SQL> select Product_ID, Manufacturer_ID 2 from Portland_Product; PRODUCT_ID MANUFAC ------------ ------- C2002 MIT501 C2005 MIT501 C3002 SEN101 SQL> select Product_ID, Manufacturer_ID 2 from Houston_Product; PRODUCT_ID MANUFAC ------------ ------- B901 TES801 B801 SEN101 C2002 MIT501 C2005 MIT501 C3002 SEN101 B311 TES801 B9310 SEN101 B384 TES801 8 rows selected.
To determine the common set of rows between the two tables, you submit the following SELECT statement to Oracle:
SQL> select Product_ID, Manufacturer_ID 2 from Portland_Product 3 INTERSECT 4 select Product_ID, Manufacturer_ID 5 from Houston_Product; PRODUCT_ID MANUFAC ------------ ------- C2002 MIT501 C2005 MIT501 C3002 SEN101
If you look at the rows that exist in each table, you can confirm that the two tables do indeed have three rows in common.
Sooner or later, you'll find yourself in a situation in which you need to combine the rows from similar tables to produce a report or to create a table for analysis. Even though the tables represent similar information, they may differ considerably. To accomplish this task, you should consider using the UNION operator. The straightforward syntax for this set operator is
select-stmt1 UNION select-stmt2 [order-by-clause]
where select-stmt1 and select-stmt2 are valid SELECT statements and order-by-clause is an optional ORDER BY clause that references the columns by number rather than by name.
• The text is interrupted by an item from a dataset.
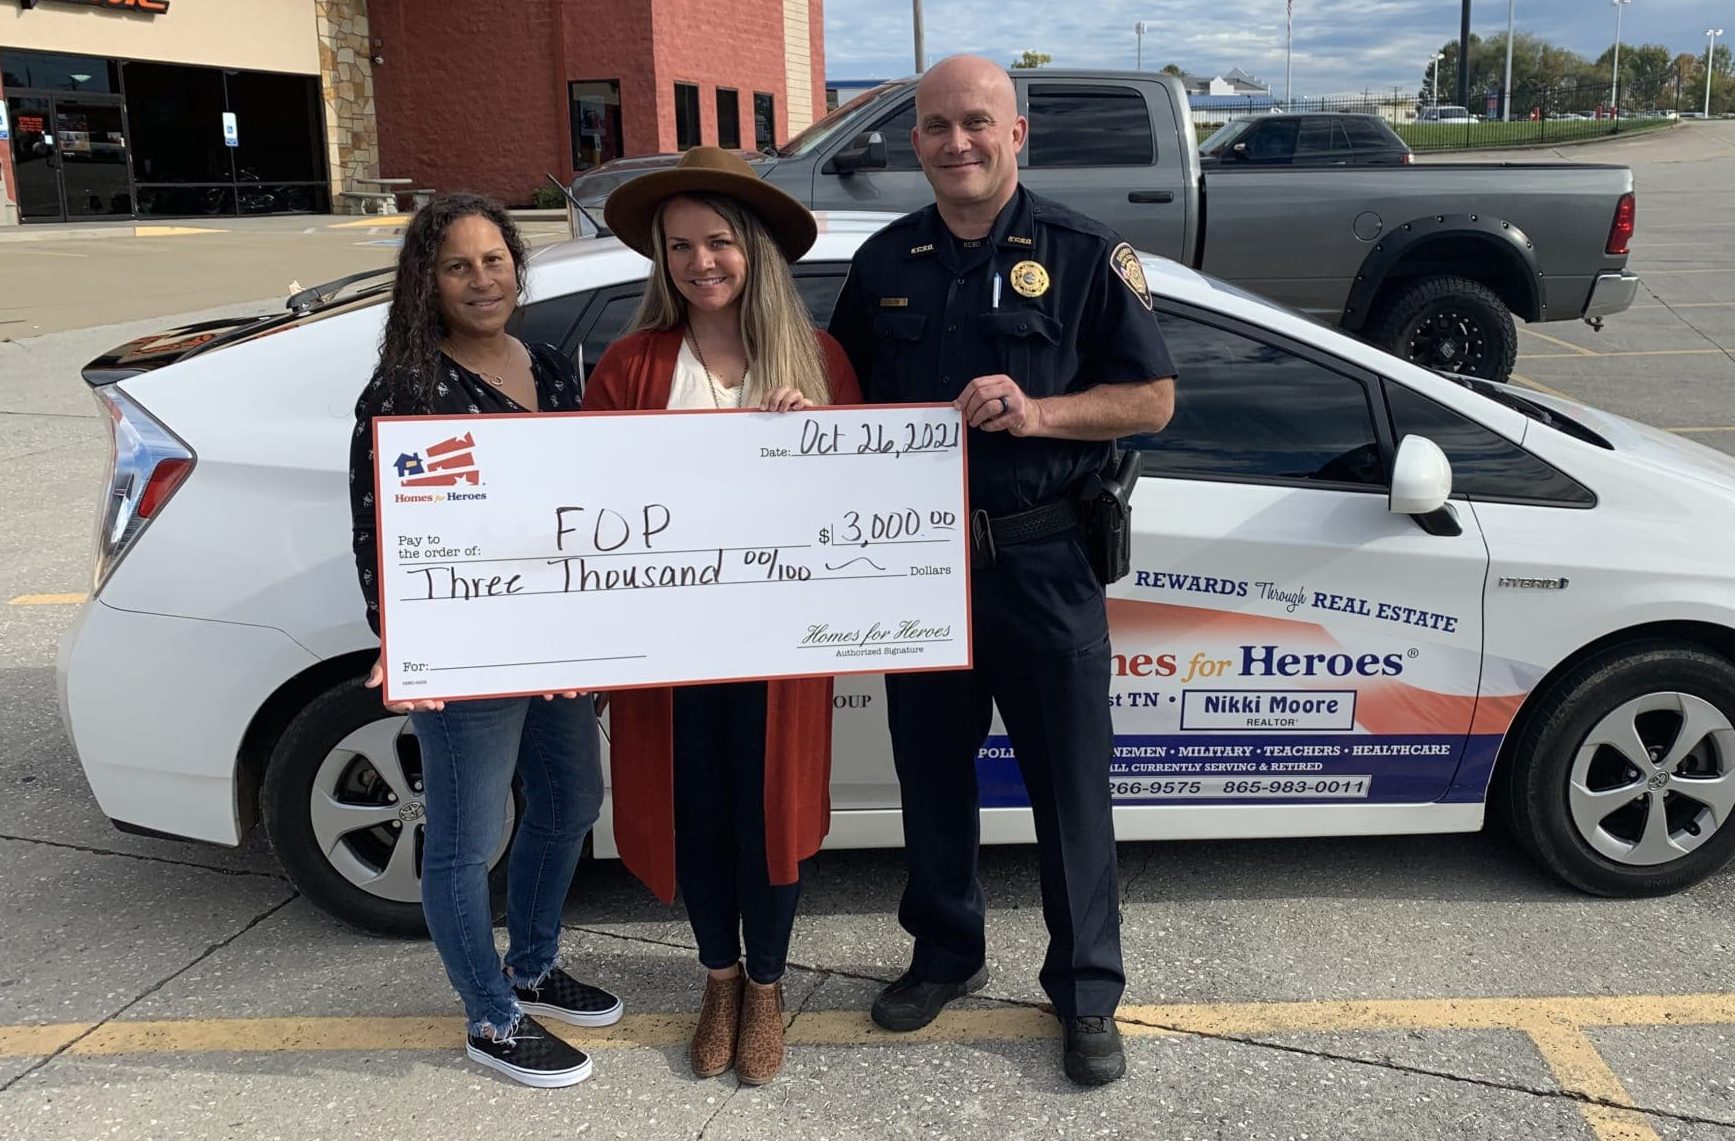 Real Estate Specialist Nikki Moore presents a giant check for $3,000 to Knoxville FOP President Keith Lyon from the Homes for Heroes Foundation in honor of 50,000 heroes served

The UNION operator combines the rows returned by the first SELECT statement with the rows returned by the second SELECT statement. Keep the following things in mind when you use the UNION operator:
To illustrate the use of UNION, imagine that you have been given the task of consolidating information from two seismology labs. The first table is from the Department of Geophysics at the University of Northern South Dakota; the other table is from a private research institution, RIND. Here is the structure of the two tables:
SQL> desc UNSD_Event Name Null? Type ------------------------------- -------- ---- EVENT_NO NUMBER EPICENTER_LATITUDE NUMBER EPICENTER_LONGITUDE NUMBER EVENT_MAGNITUDE NUMBER EVENT_TIME DATE EVENT_WAVE CHAR(1) INSTRUMENT_NAME VARCHAR2(30) SQL> desc RIND_Event Name Null? Type ------------------------------- -------- ---- LOCATION_LAT NUMBER LOCATION_LON NUMBER RICHTER_NUMBER NUMBER DATE_TIME VARCHAR2(30) WAVE_TYPE CHAR(1)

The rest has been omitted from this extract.